16 HOW SUPPLIED/STORAGE AND HANDLING

ZEGERID 20-mg Capsules: Each opaque, hard gelatin, white capsule, imprinted with the Santarus logo and “20”, contains 20 mg omeprazole and 1100 mg sodium bicarbonate.

NDC 68012-102-30 Bottles of 30 capsules

ZEGERID 40-mg Capsules: Each opaque, hard gelatin, colored dark blue and white capsule, imprinted with the Santarus logo and “40”, contains 40 mg omeprazole and 1100 mg sodium bicarbonate.

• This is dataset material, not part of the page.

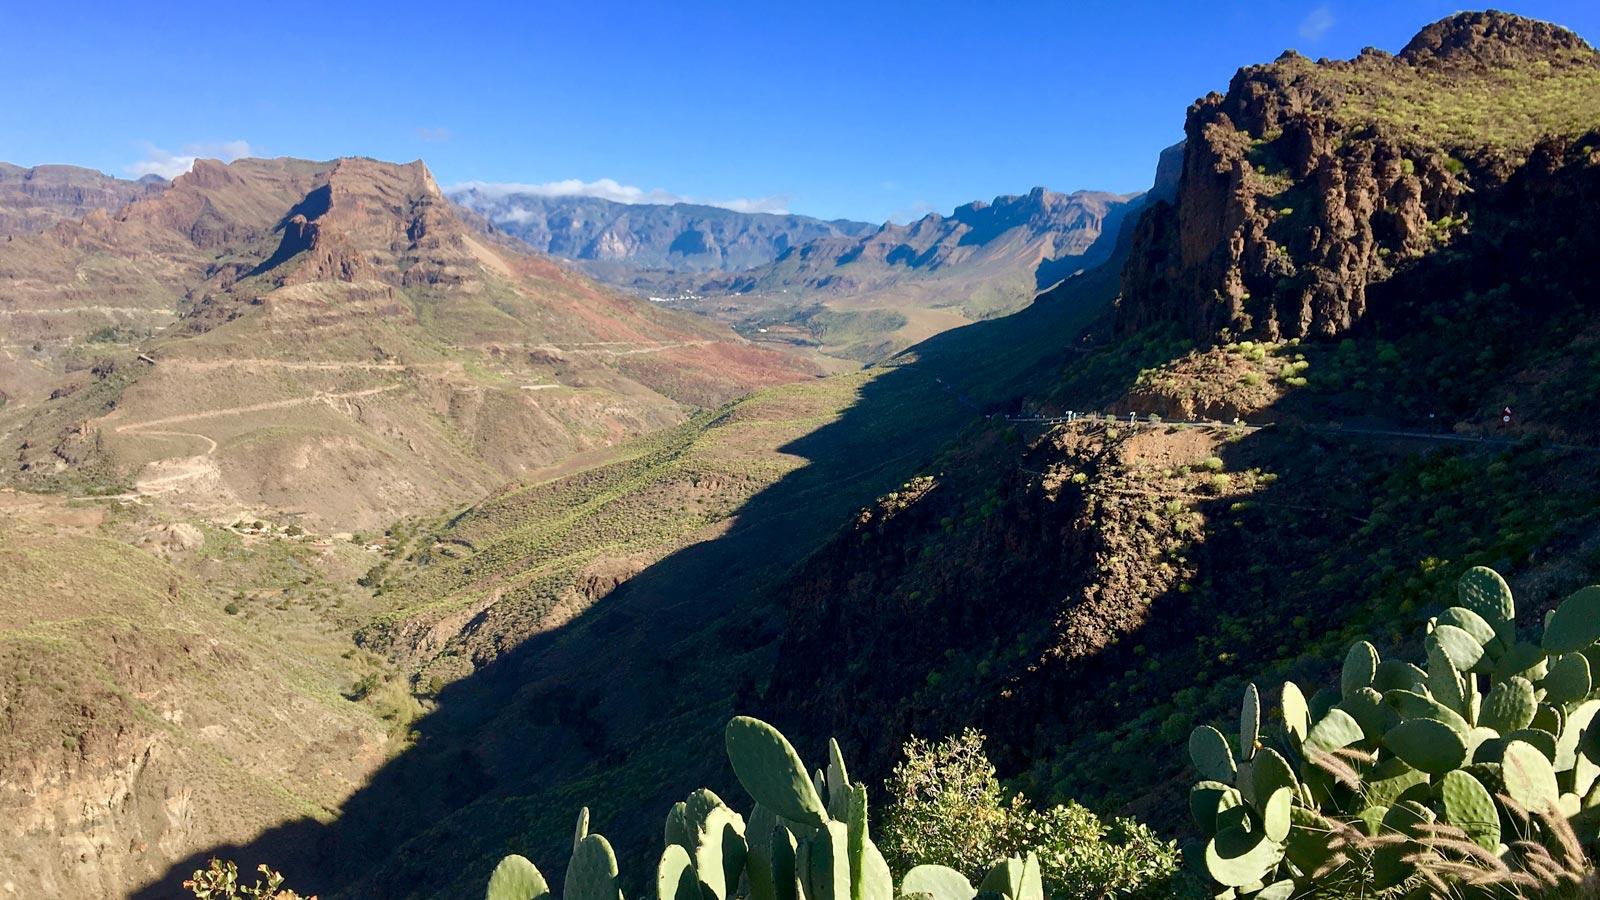 Rennradreise Gran Canaria - 6 geführte Touren in bis zu drei Stärkeklassen - Highlight ist der Pico de las Nieves mit grandioser Aussicht bis nach Teneriffa

NDC 68012-104-30 Bottles of 30 capsules

ZEGERID Powder for Oral Suspension is a white, flavored powder packaged in unit-dose packets. Each packet contains either 20 mg or 40 mg omeprazole and 1680 mg sodium bicarbonate.

NDC 68012-052-30     Cartons of 30: 20-mg unit-dose packets
NDC 68012-054-30     Cartons of 30: 40-mg unit-dose packets

Storage

Store at 25°C (77°F); excursions permitted to 15 - 30°C (59 - 86°F). [See USP Controlled Room Temperature].

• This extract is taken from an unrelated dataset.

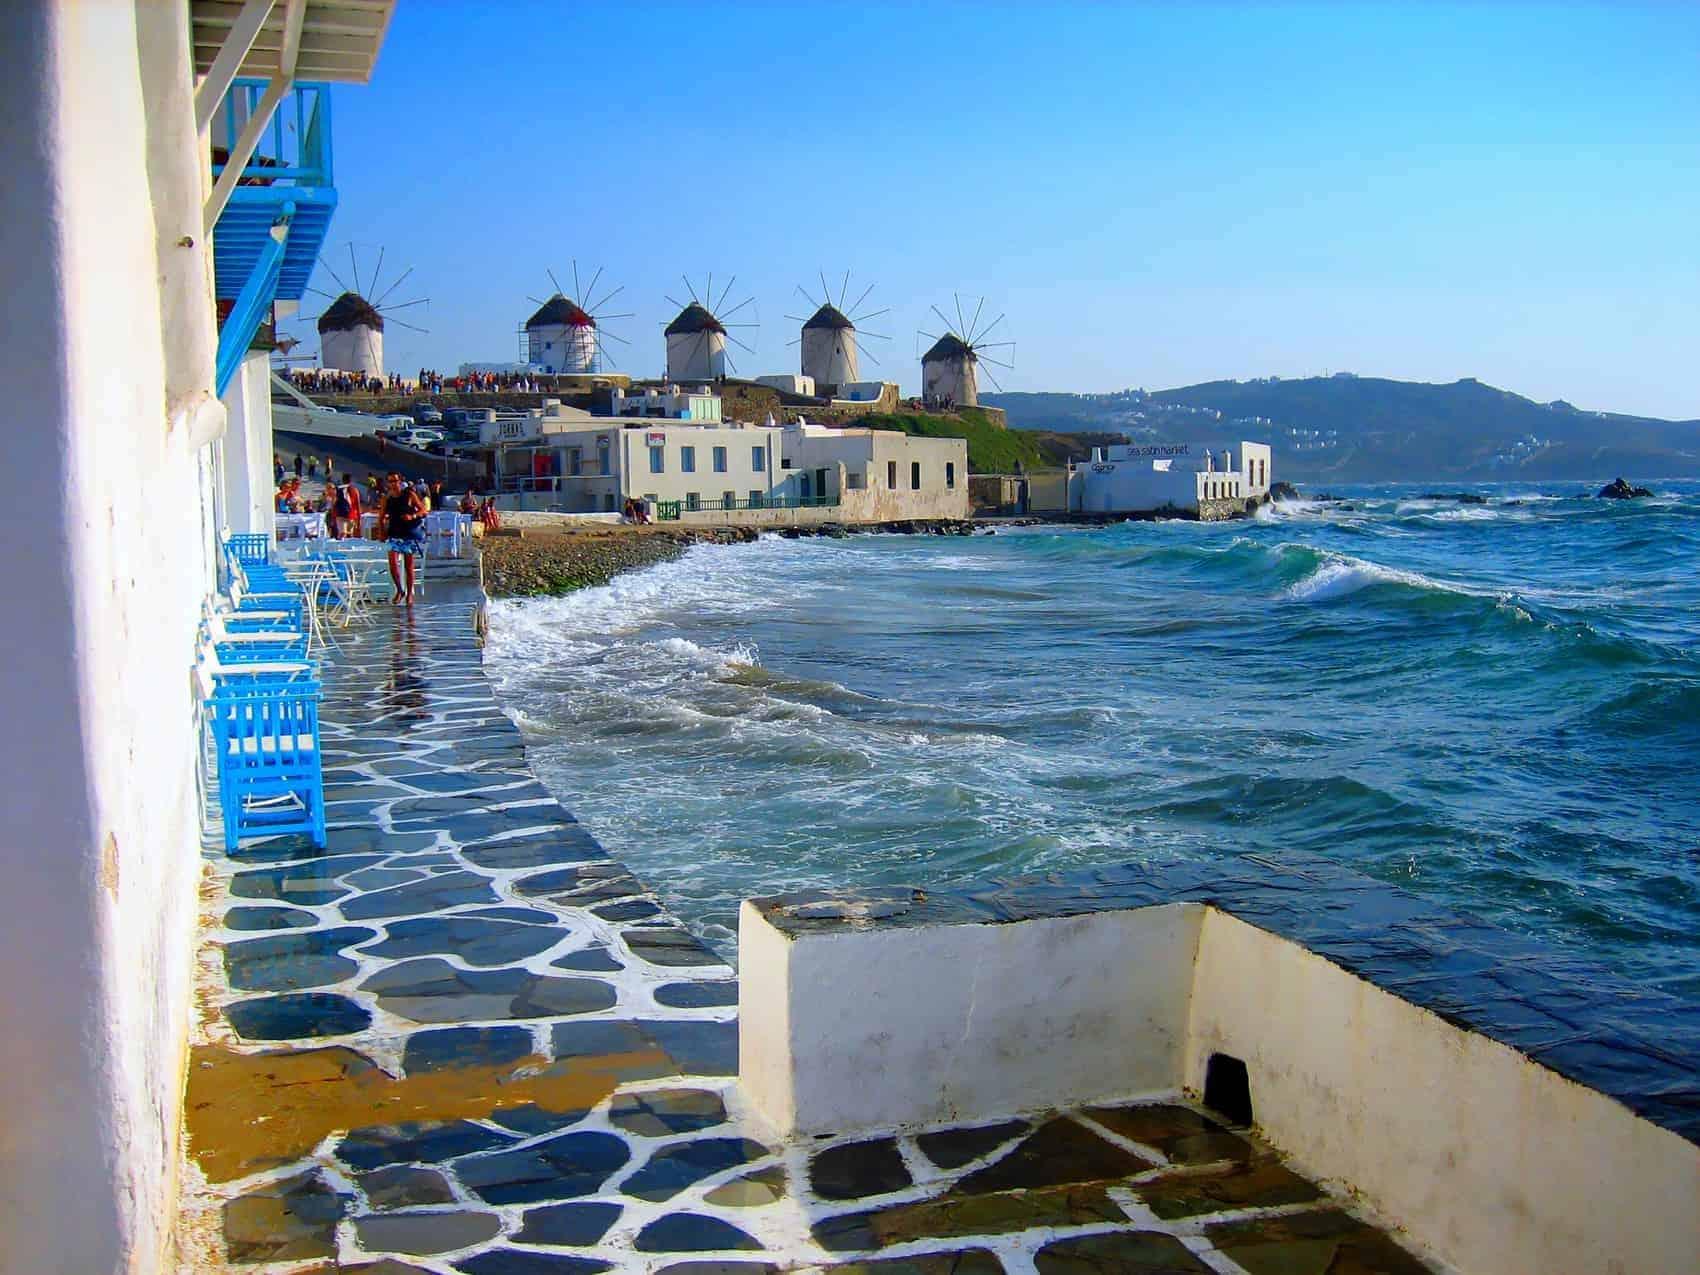 Græske øer. Vindmøllerne på Mykonos, Kykladerne

Keep this medication out of the hands of children. Keep container tightly closed. Protect from light and moisture.

17 PATIENT COUNSELING INFORMATION

See FDA-Approved Medication Guide.

Instruct patients that ZEGERID should be taken on an empty stomach at least one hour prior to a meal. [See Dosage and Administration (2)]

Instruct patients in Directions for Use as follows:

Capsules: Swallow intact capsule with water. DO NOT USE OTHER LIQUIDS. DO NOT OPEN CAPSULE AND SPRINKLE CONTENTS INTO FOOD.

Powder for Oral Suspension: Empty packet contents into a small cup containing 1-2 tablespoons of water. DO NOT USE OTHER LIQUIDS OR FOODS. Stir well and drink immediately. Refill cup with water and drink.

ZEGERID is available either as 40 mg or 20 mg capsules with 1100 mg sodium bicarbonate. ZEGERID is also available either as 40 mg or 20 mg single-dose packets of powder for oral suspension with 1680 mg sodium bicarbonate.

Patients should be instructed not to substitute Zegerid Capsules or Suspension for other ZEGERID dosage forms because different dosage forms contain different amounts of sodium bicarbonate and magnesium hydroxide. [See Dosage and Administration (2)]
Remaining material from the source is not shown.